Tuesday, December 22, 2009

Co-ink-a-dinky?

Exhibit A: Republican legislators ask for a review of Medicaid costs at the Joint Finance Committee, which took place last Thursday.

Exhibit B: One day after the meeting, the Wisconsin Taxpayer Alliance puts out what I’ll generously call a “report” (less than two pages) about the soaring costs of Medicaid.

Now I am certain it was not at all coordinated. The self-proclaimed “independent” Wisconsin Taxpayer Alliance just happened to release its own report a day later. On the same topic. Within 24 hours. What an amazing coincidence.

It’s no surprise that Republicans and the Wisconsin Taxpayers Alliance are on the same message. Too bad it’s the wrong one.

The sloppy, partisan Taxpayer Alliance report, less-than-two-pages long, fails to account for basic questions an average high-school term paper would not miss. With one passing sentence it glosses over the elephant in the room: soaring health care costs. Wouldn’t you want to know how much health care costs in general have increased over the same period? I know it would have been expected as part of a paper written at East High School.

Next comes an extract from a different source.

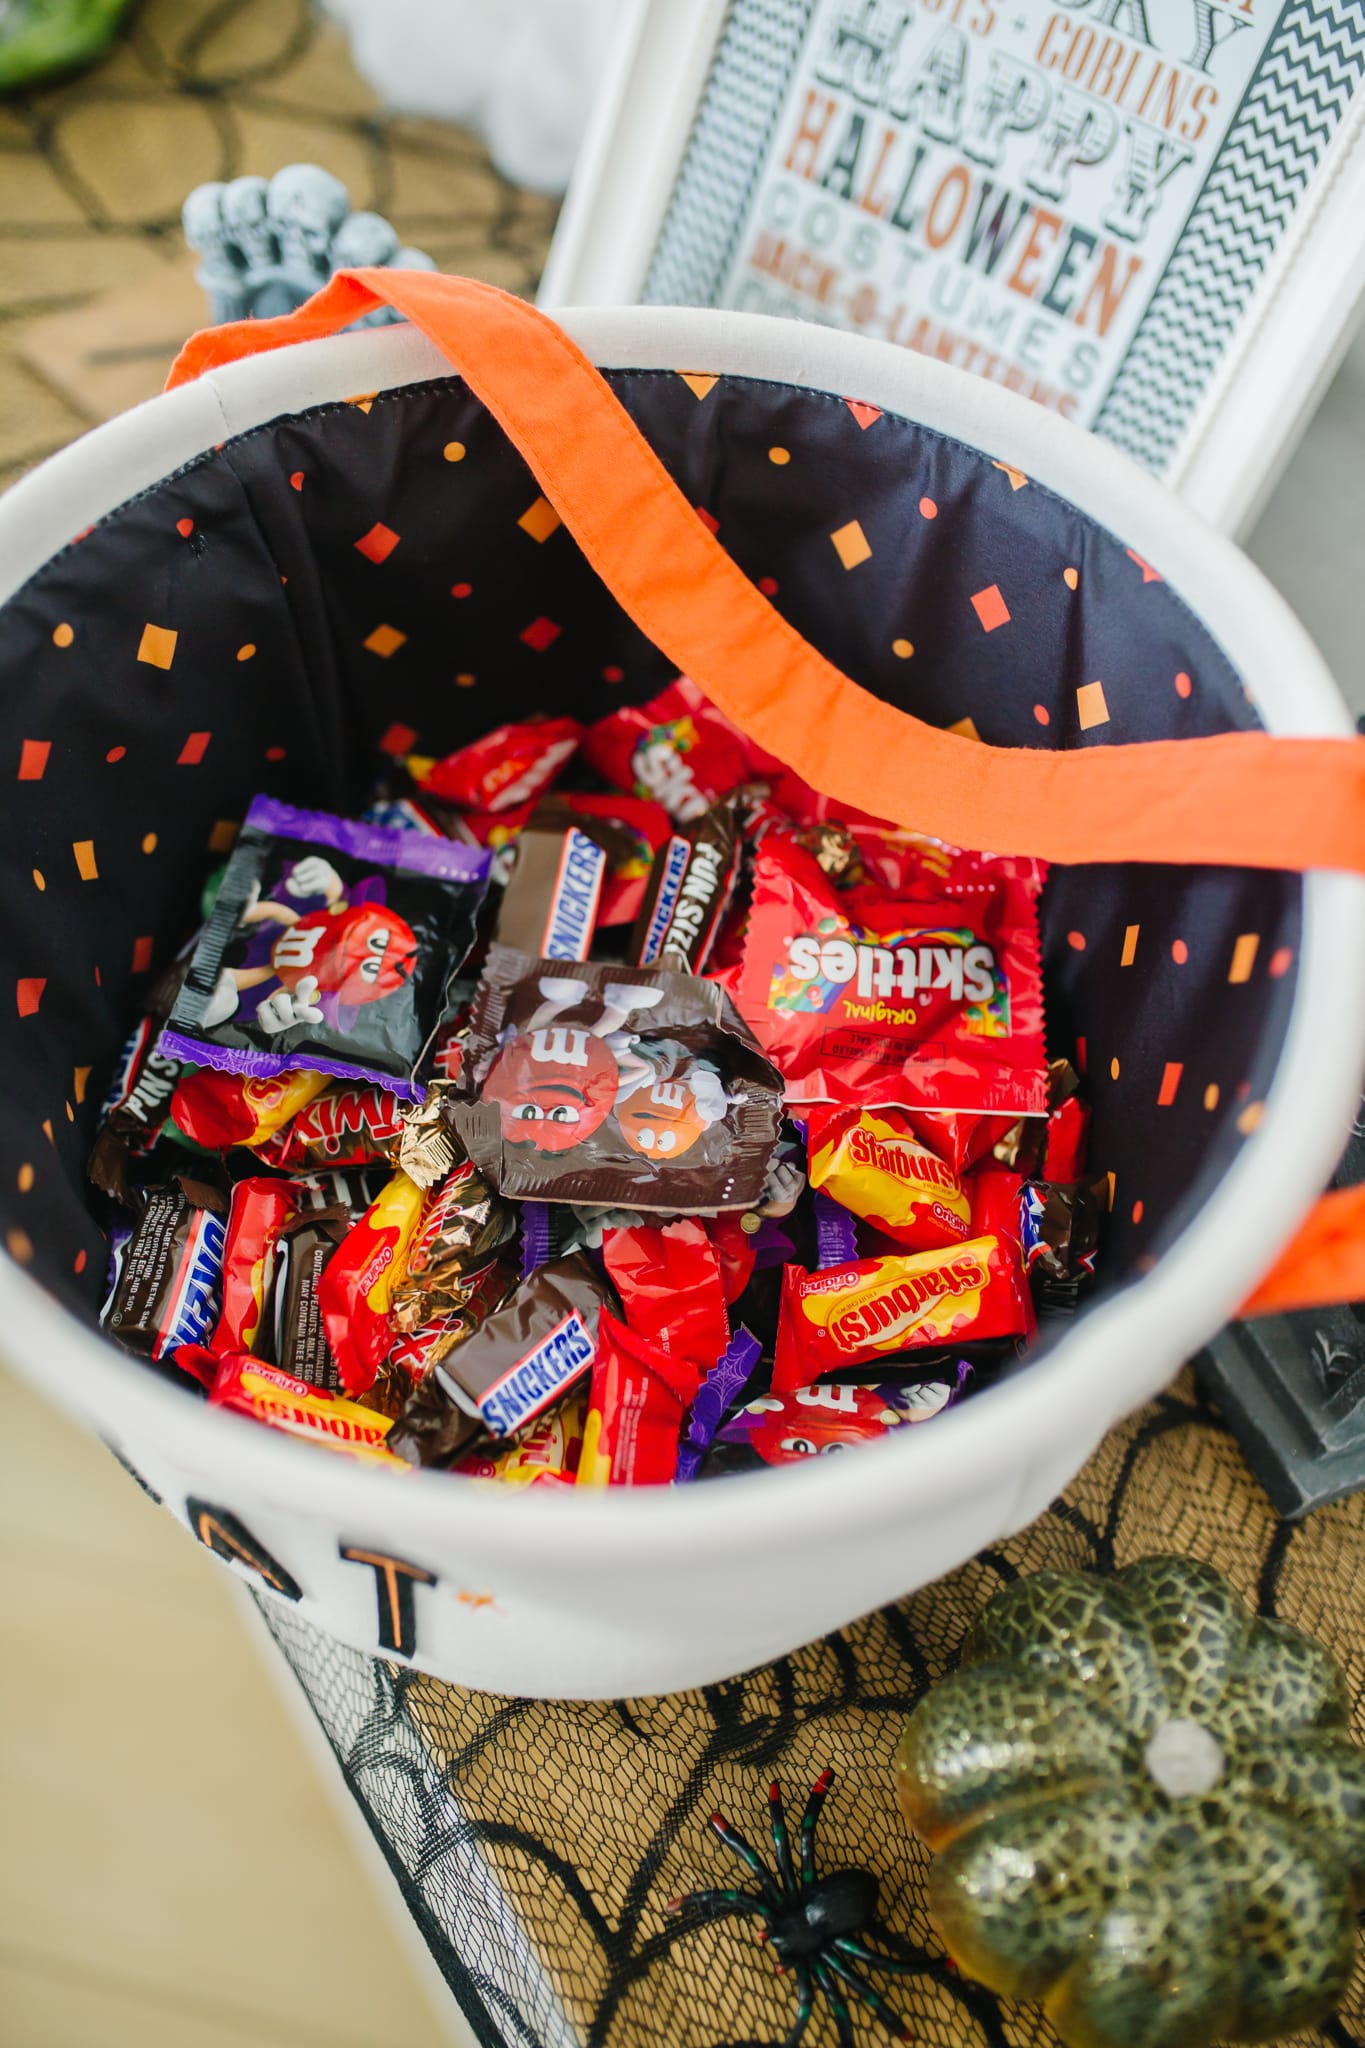 Where to Donate Halloween Candy Friday We're In Love

Instead it focuses on enrollment in the plans having increased – including “the increased emphasis placed on covering children and families.” Ah ha – it is those insidious poor children that are driving up state and federal costs. And, of course, all the people who have lost their jobs during this national economic crisis are to blame as well.

The poor and unemployed are the villains -- not the skyrocketing cost of health care. Never mind that during the time period covered in this report, the state’s cost per person served – the part Wisconsin taxpayers cover – was cut in half.

And, to make matters worse the corporate-leaning Taxpayer’s Alliance decided that providing health care comes at the expense of a Democratic priority – education. No analysis on the subject, just GOP rhetoric. Forget all those corporate tax loopholes we filled this year…

Finally, nowhere did the Wisconsin Taxpayers Alliance conclude that our country desperately needs national health care and health insurance reform.

But of course that’s not a Republican approved talking point.